Whether Paul, or Apollos, or Cephas, or the world, or life, or death, or things present, or things to come; all are yours;
Verse 22. - Whether Paul, or Apollos, or Cephas. All were their servants for Jesus' sake (2 Corinthians 4:5). Instead of becoming partisans of either, they could enjoy the greatness of all. Or the world. The sudden leap from Cephas to the world shows, as Bengel says, the impetuous leap of thought. There is a passage of similar eloquence in Romans 8:38, 39. The "hundredfold" is promised even in this world (Mark 10:29, 30). Or life. Because life in Christ is the only real life, and Christ came that we might have life, and have it more abundantly (see Romans 8:38). Or death. To the Christian, "to live is Christ, and to die is gain" (Philippians 1:21).
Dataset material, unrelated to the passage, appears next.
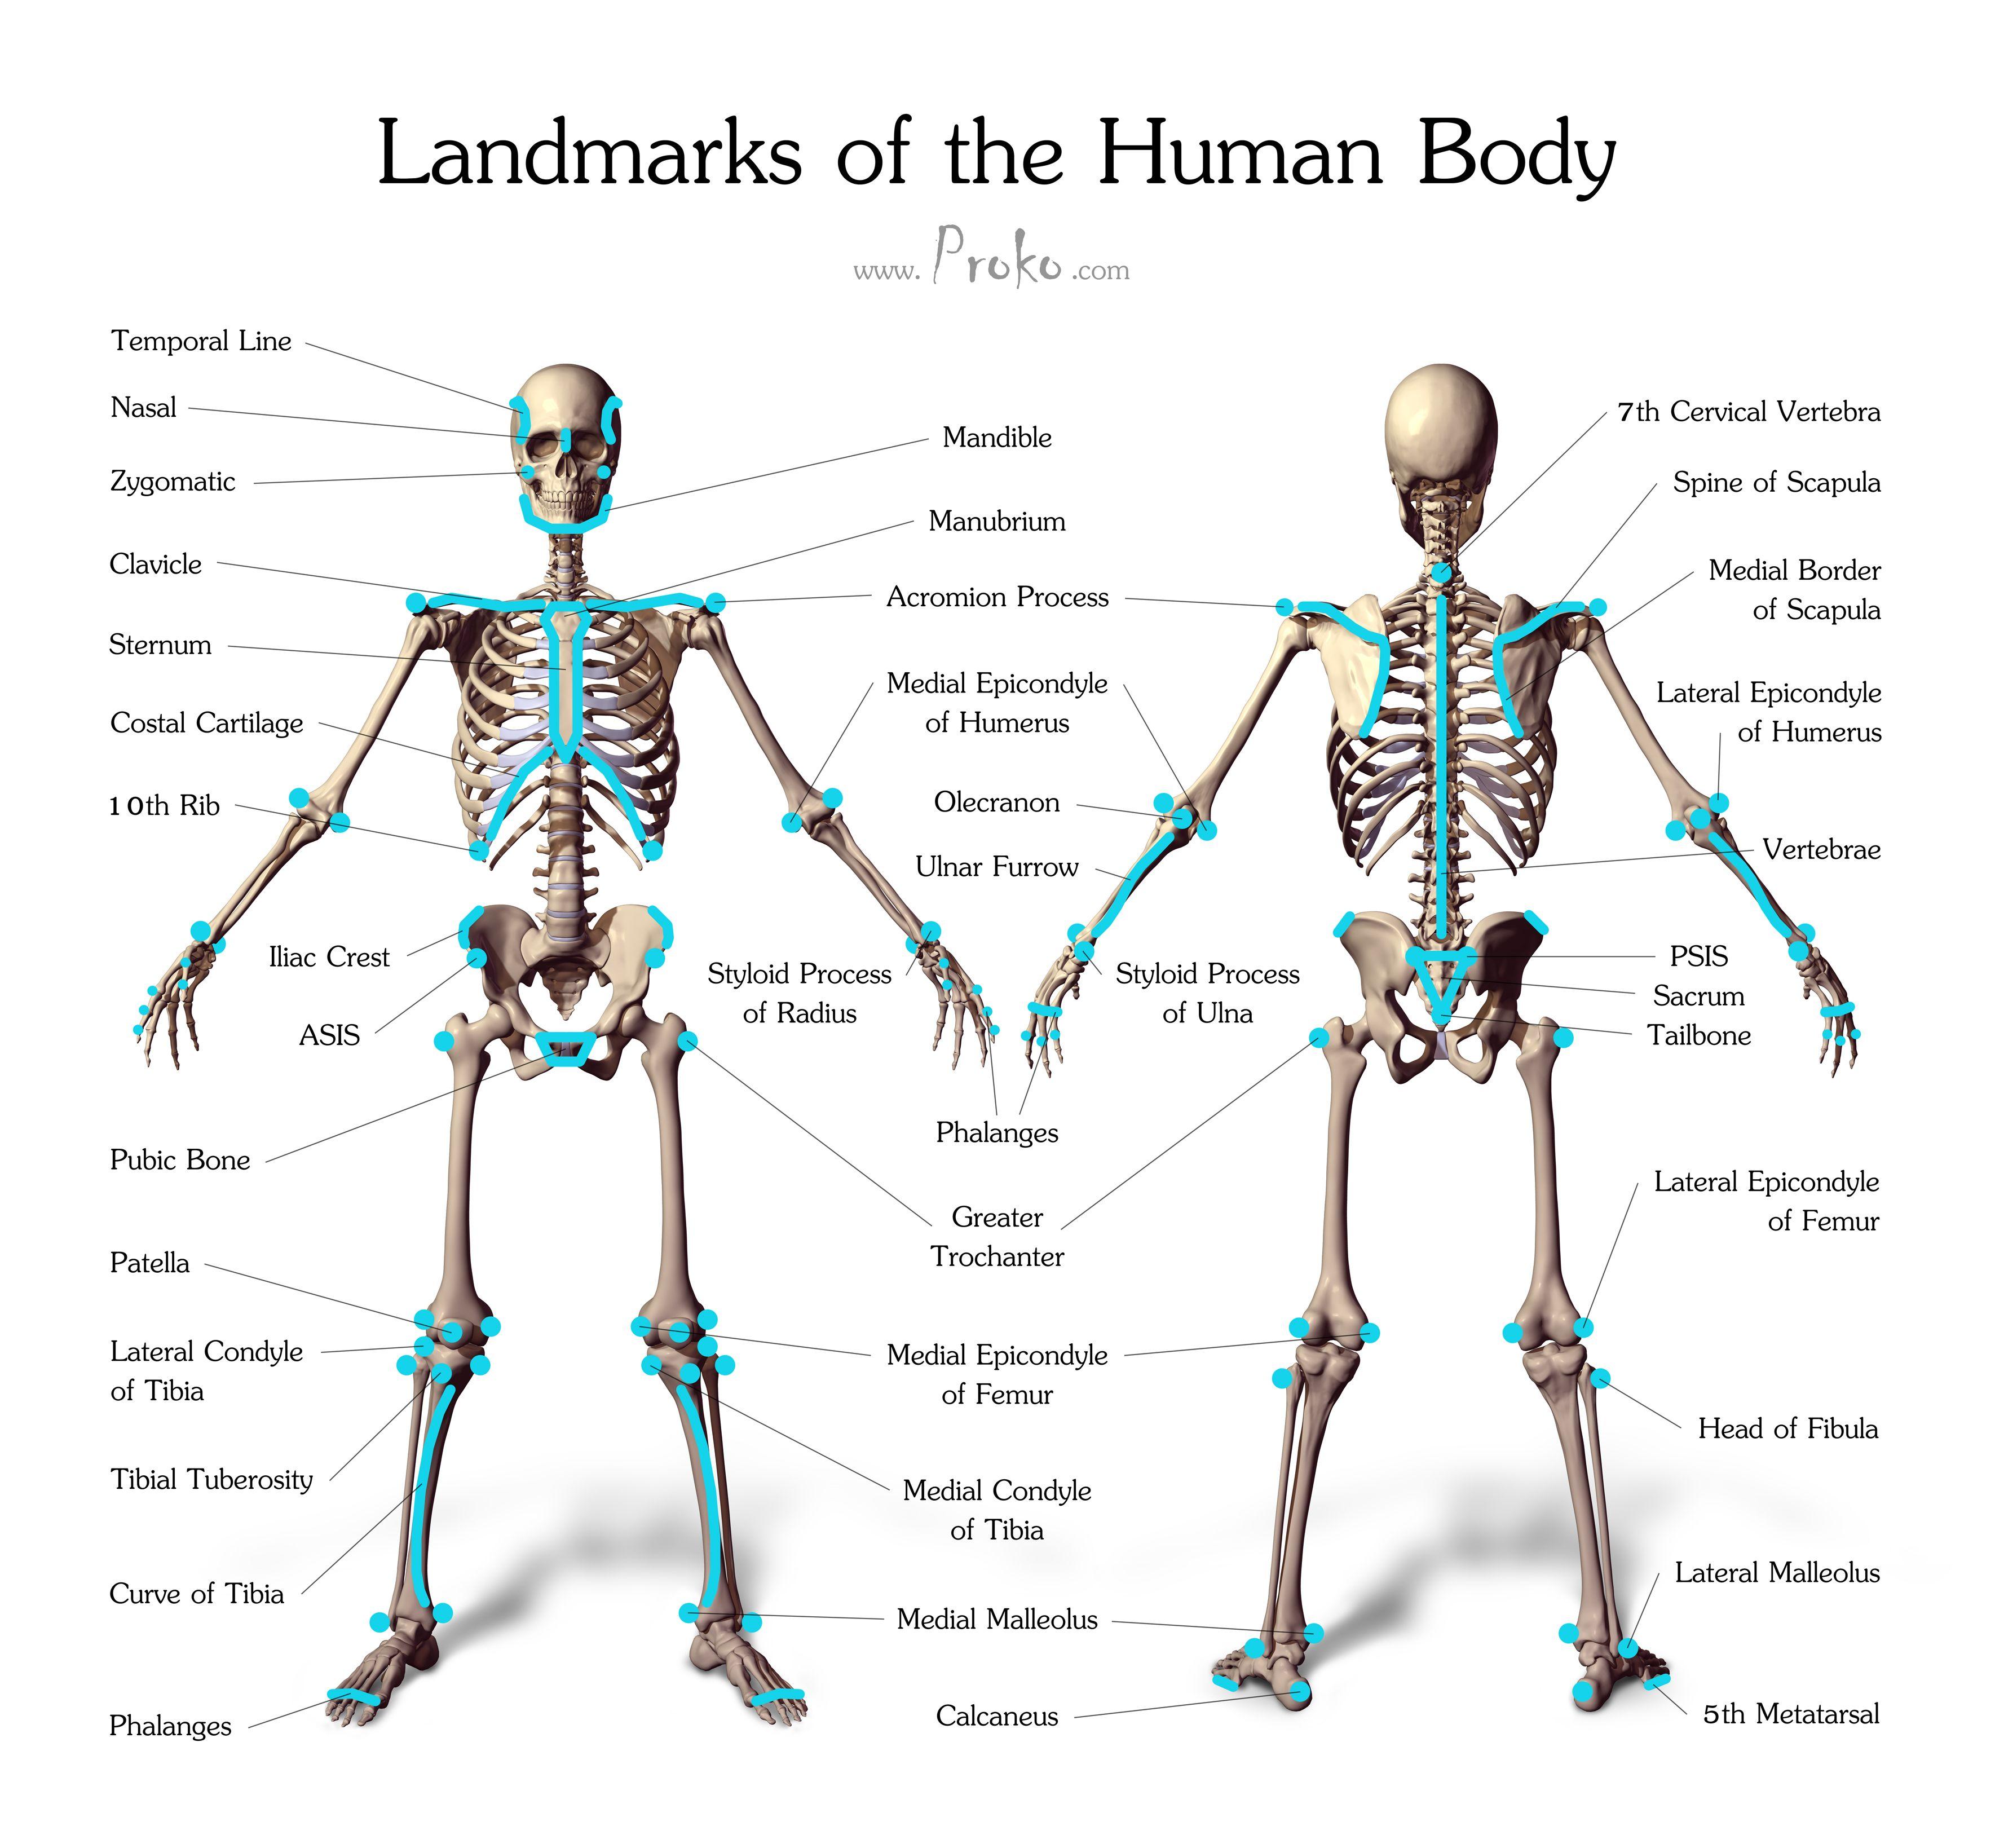 www.proko.com/wp-content/uploads/2013/06/Landmarks-of-the-Human-Body ...

So that death is no more than

"The lifting of a latch;
Nought but a step into the open air
Out of a tent already luminous
With light which shines through its transparent folds."
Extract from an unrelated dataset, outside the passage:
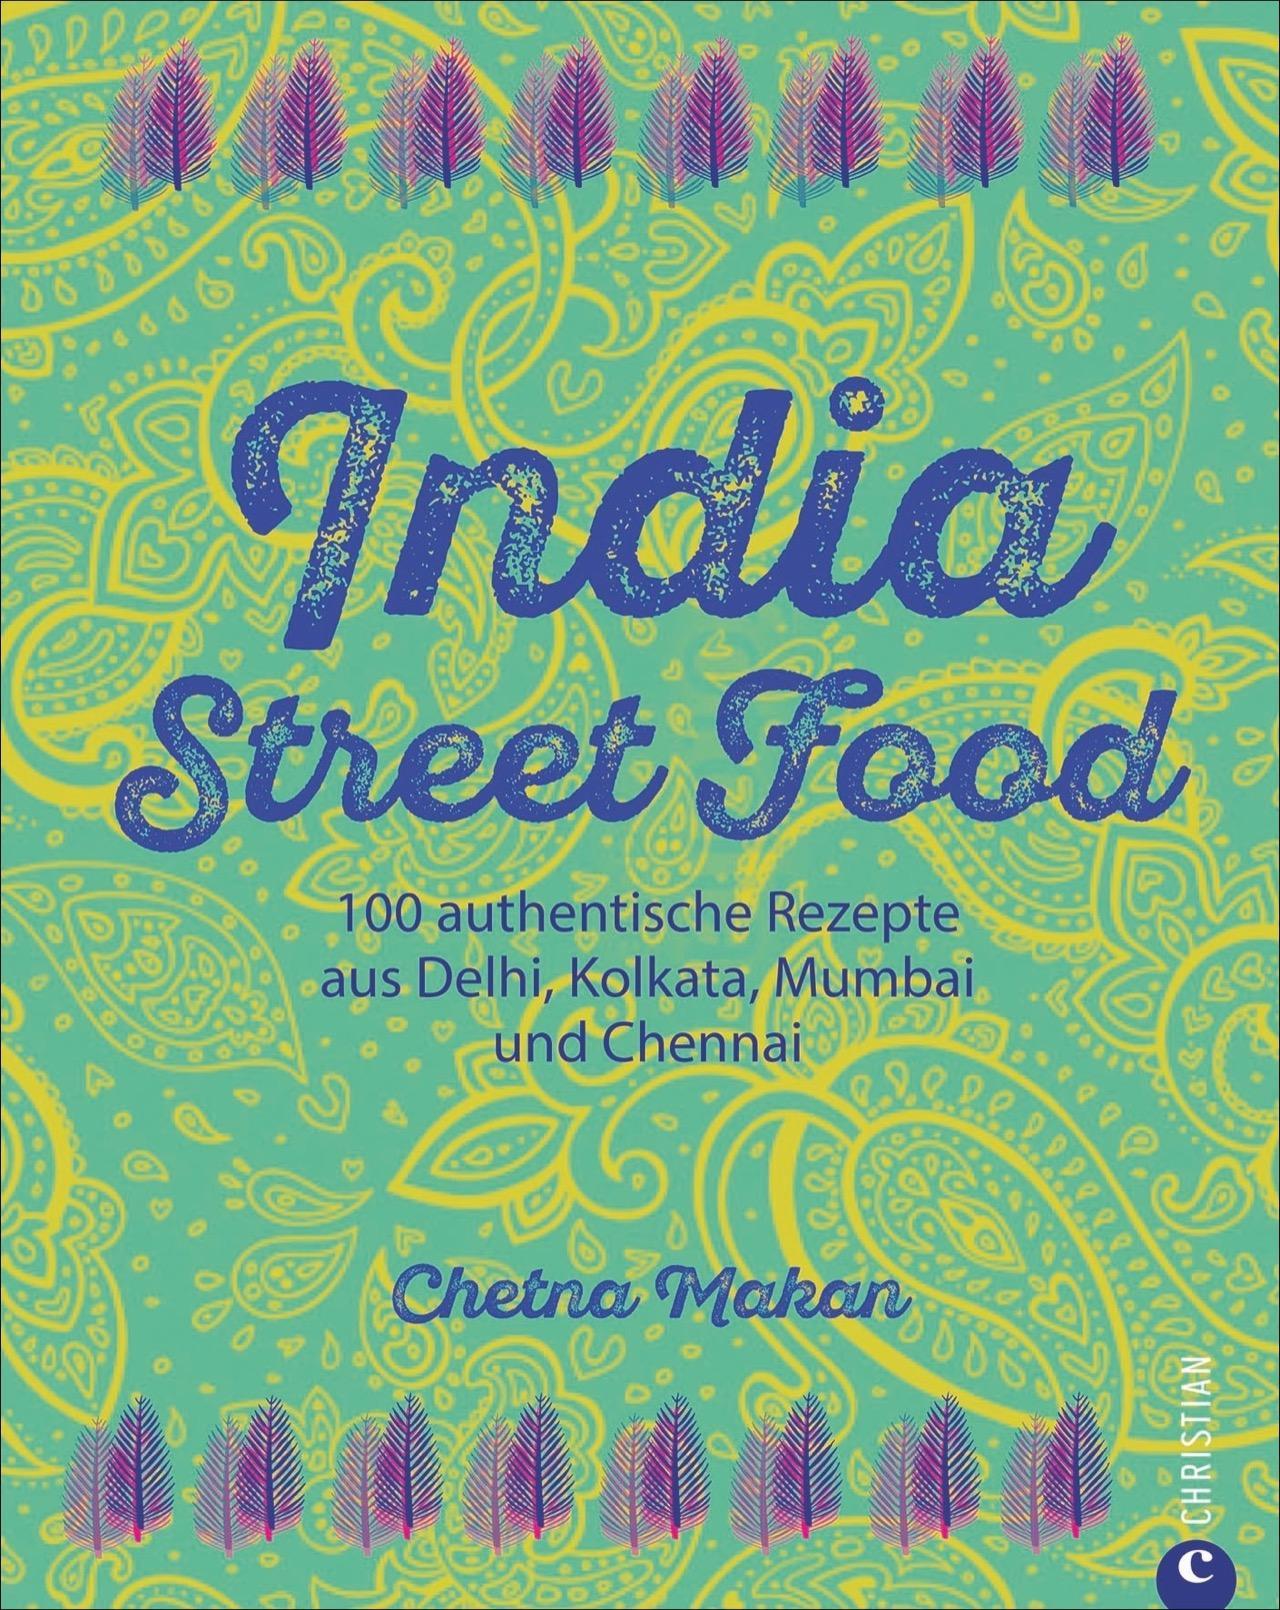 India Street Food  100 authentische Rezepte aus Delhi, Kolkata, Mumbai und Chennai  Chetna Makan  Buch  Deutsch  2017

Or things present, or things to come. "He that overcometh shall inherit all things" (Revelation 21:7), because Christ has received all things from the Father.
And ye are Christ's; and Christ is God's.
Verse 23. - And ye are Christ's (see 1 Corinthians 6:19; 1 Corinthians 15:23; Romans 14:8; Galatians 3:29). Christians possess because they are possessed by Christ (Meyer). Christ is our Master, and God our Father (Matthew 23:10). And Christ is God's; because "Christ is equal to the Father as touching his Godhead, but inferior to the Father as touching his manhood." Hence in 1 Corinthians 11:3 he says, "The head of Christ is God;" and in 1 Corinthians 15:28, we read of Christ resigning his mediatorial kingdom, that God may be all in all. Perhaps St. Paul implies the thought that Christ belongs, not to a party, but to God, the Father of us all. But the ultimate climax from Christ to God is found also in 1 Corinthians 4:1: Romans 15:5, etc.